Muslim women are more likely to choose Muslim leaders than men, a new study finds.
But the study finds that for some, Muslim men and women are equally influential.
Source: Business Insider More: The Muslim women who are more influential are women from more conservative backgrounds, the study found.
Muslim men are also less influential than women of the opposite gender.
The study by researchers at Harvard and Columbia Universities looked at data from over 100,000 people in the United States.
The data, collected from 2007 to 2020, included data on religion, ethnicity, and religion affiliation.
It was published in the Journal of Religion and Health.
In the study, Muslim women were significantly more influential than Muslim men in terms of religiosity and religious knowledge.
It was a difference of more than three to one, with women more influential in the study of religion.
But for some religious groups, there was no statistically significant difference between the sexes in terms.
Women were more influential for all of the religions surveyed, including Judaism, Christianity, Hinduism, Buddhism, and Sikhism.
But there was a significant gender difference when it came to religious knowledge and influence.
For instance, women who were more religiously educated were more likely than women with less religious knowledge to identify as “a believer” in religion.
And this difference was statistically significant.

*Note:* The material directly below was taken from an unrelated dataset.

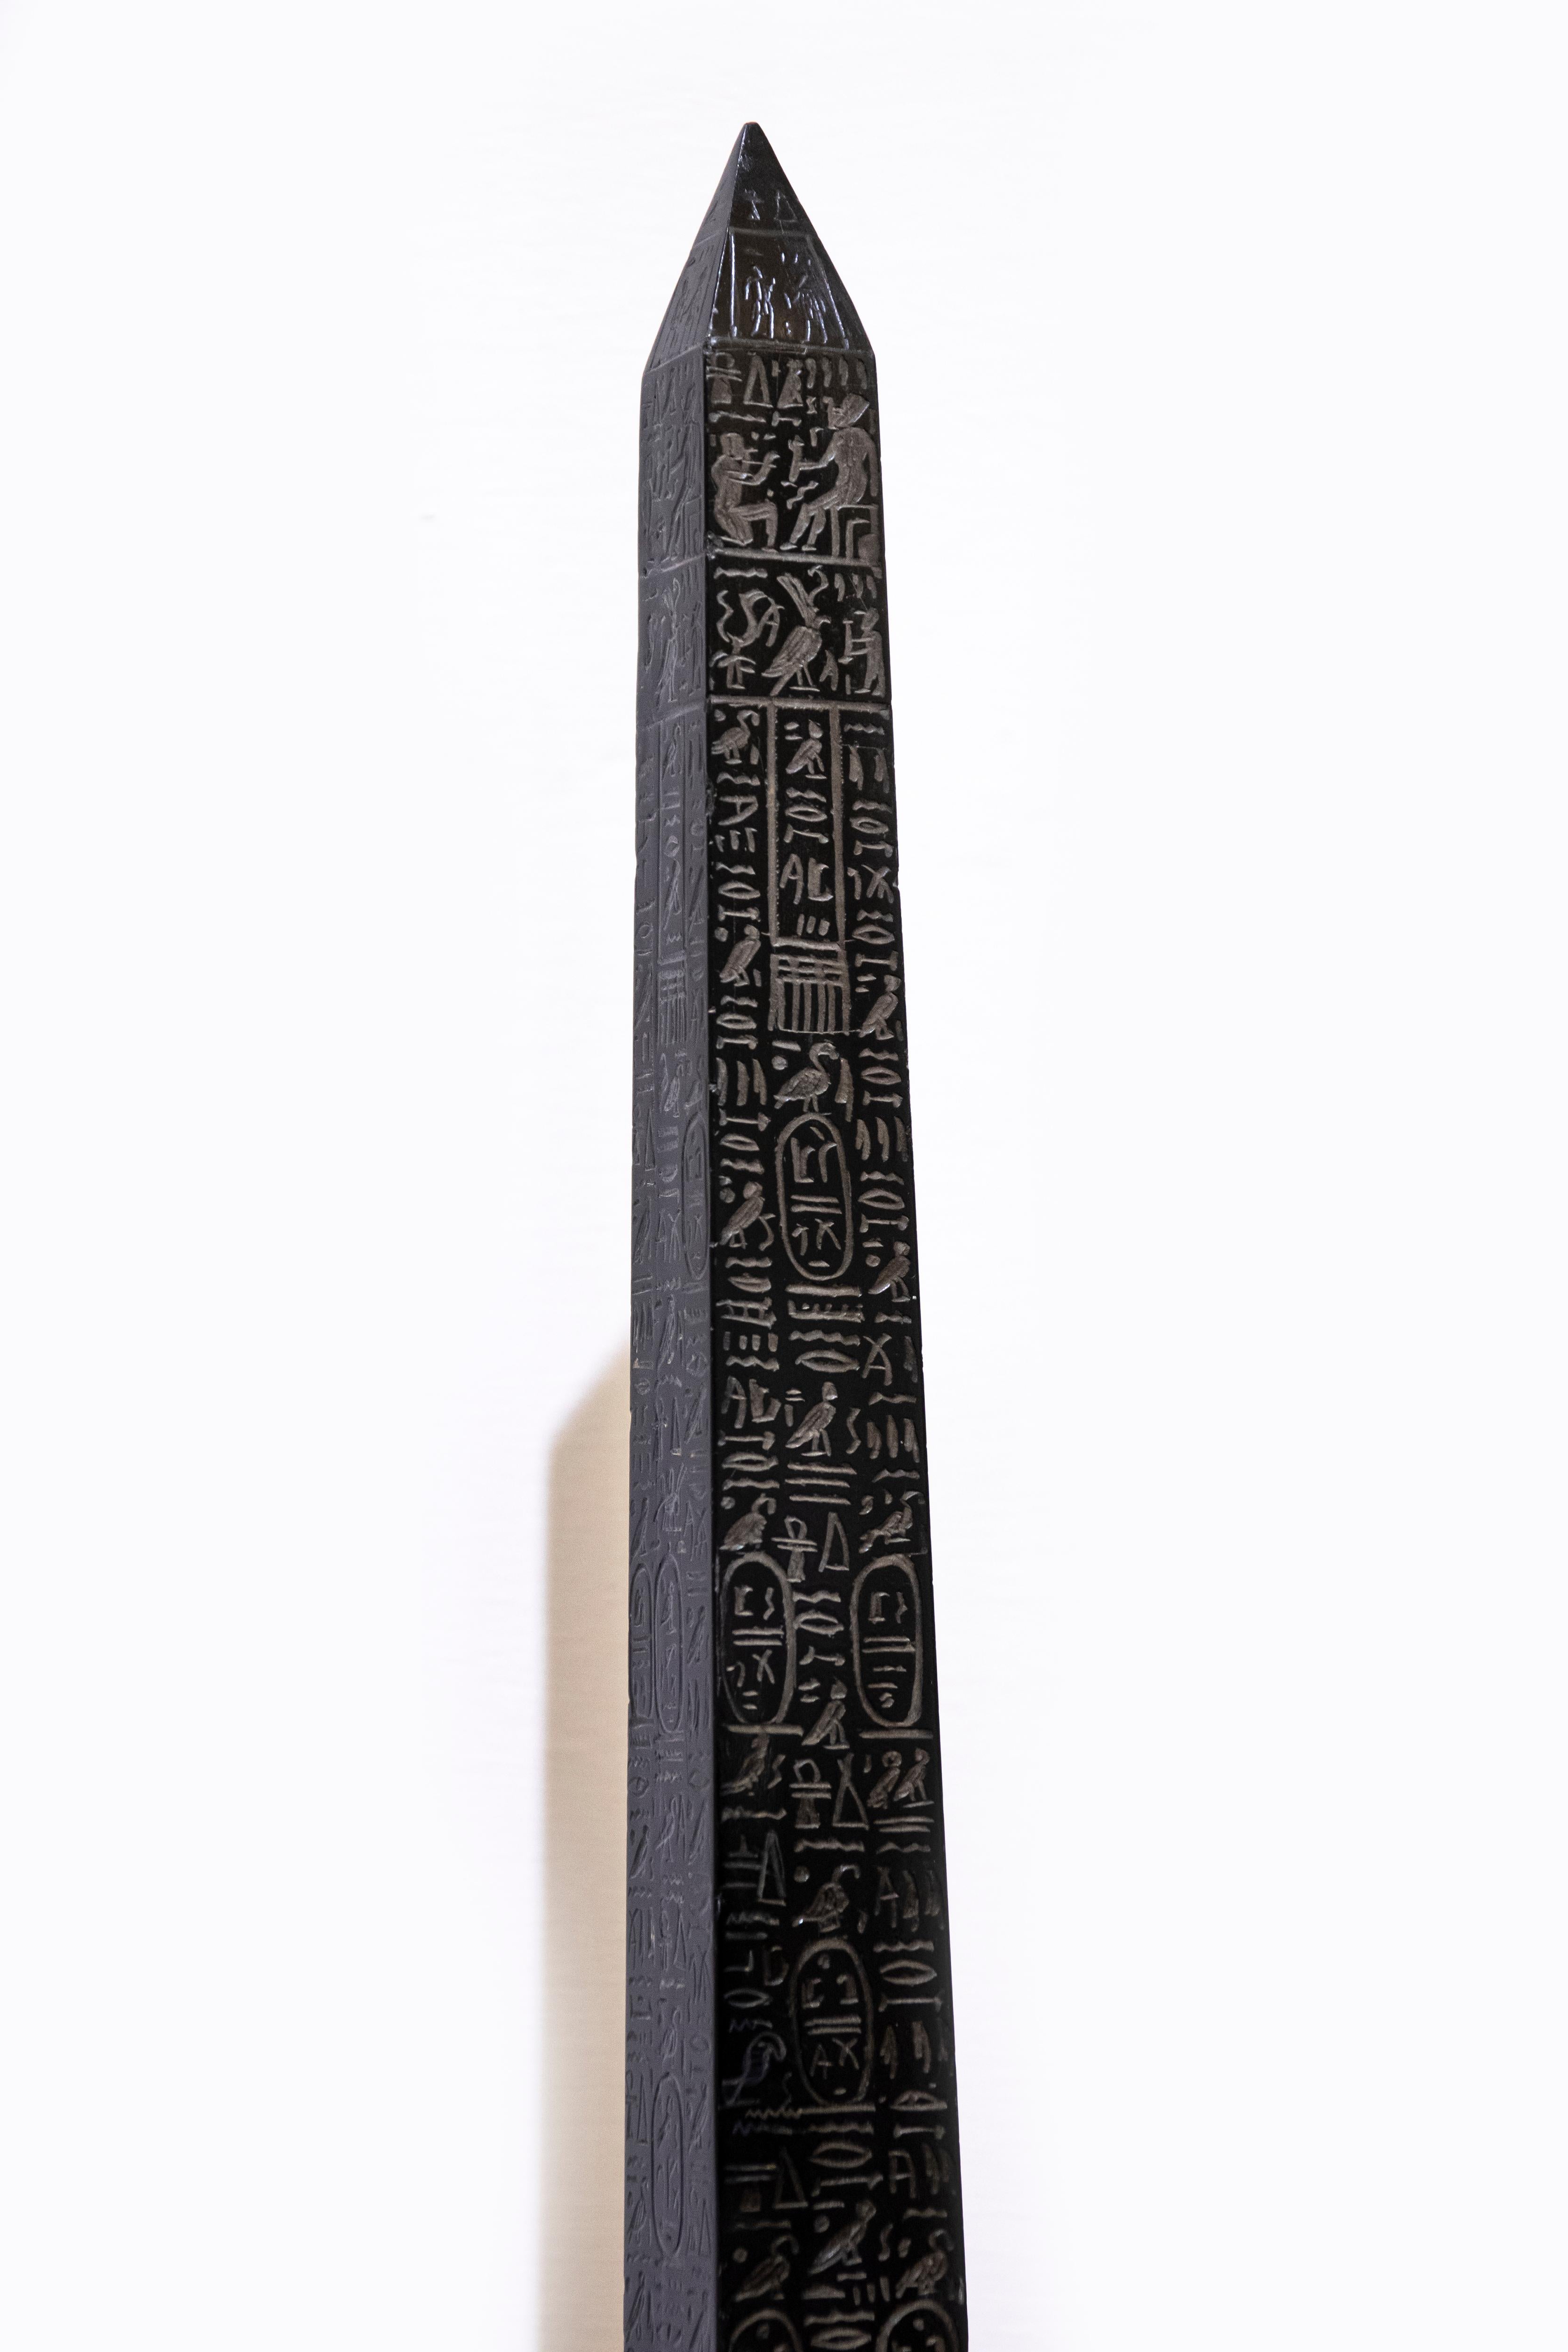 Egyptian Belgian Black Marble Obelisk, Roma, 19th Century For Sale
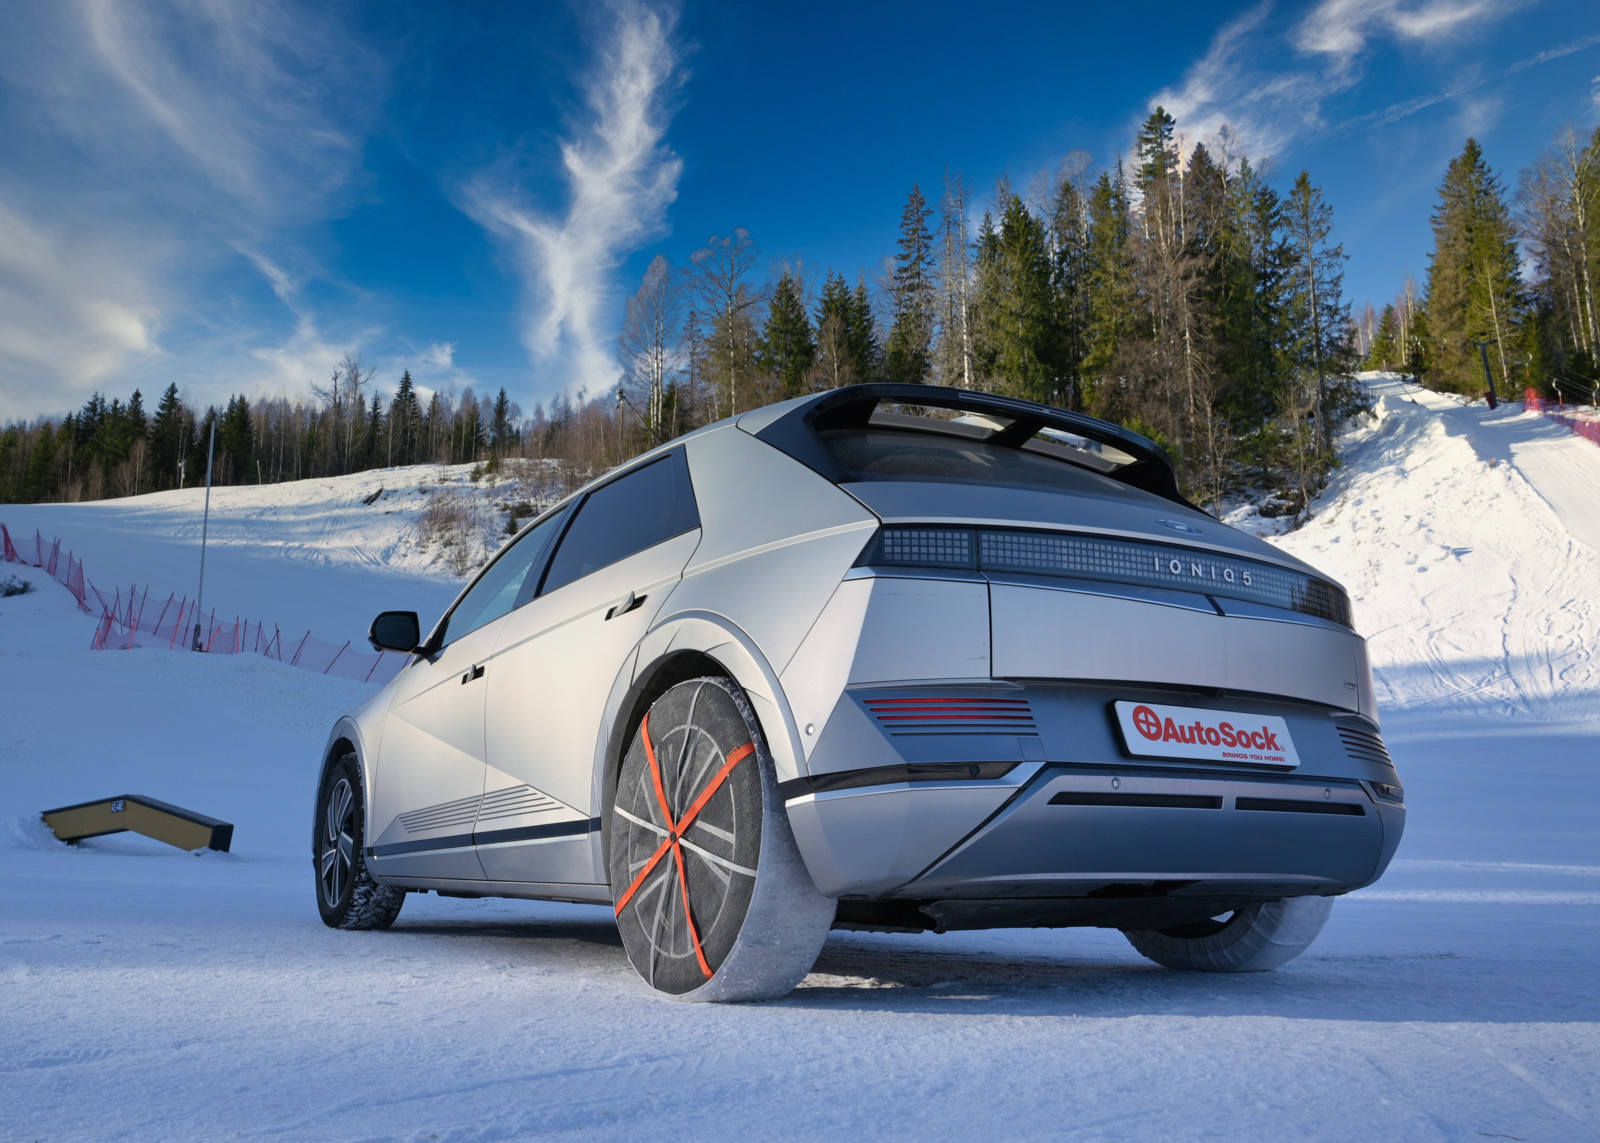 Das norwegische Unternehmen AutoSock bietet Reifen-Socken an, die das rutschen auf Eis und Schnee verhindern sollen.

Women who attended a mosque less often were more influenced by their religious leaders than those who did.
Women with higher levels of religiously observant friends were more religious and more religious in general.
Women were less religious and observant in general than men.
In addition, women were more inclined to say they are a follower of Islam than men were.
However, for the men in the survey, the difference between men and men was not statistically significant for religious knowledge or influence.
The study does suggest that women who attend a mosque more often are more religious, but it does not mean they are more devout or religious in terms in the traditional sense.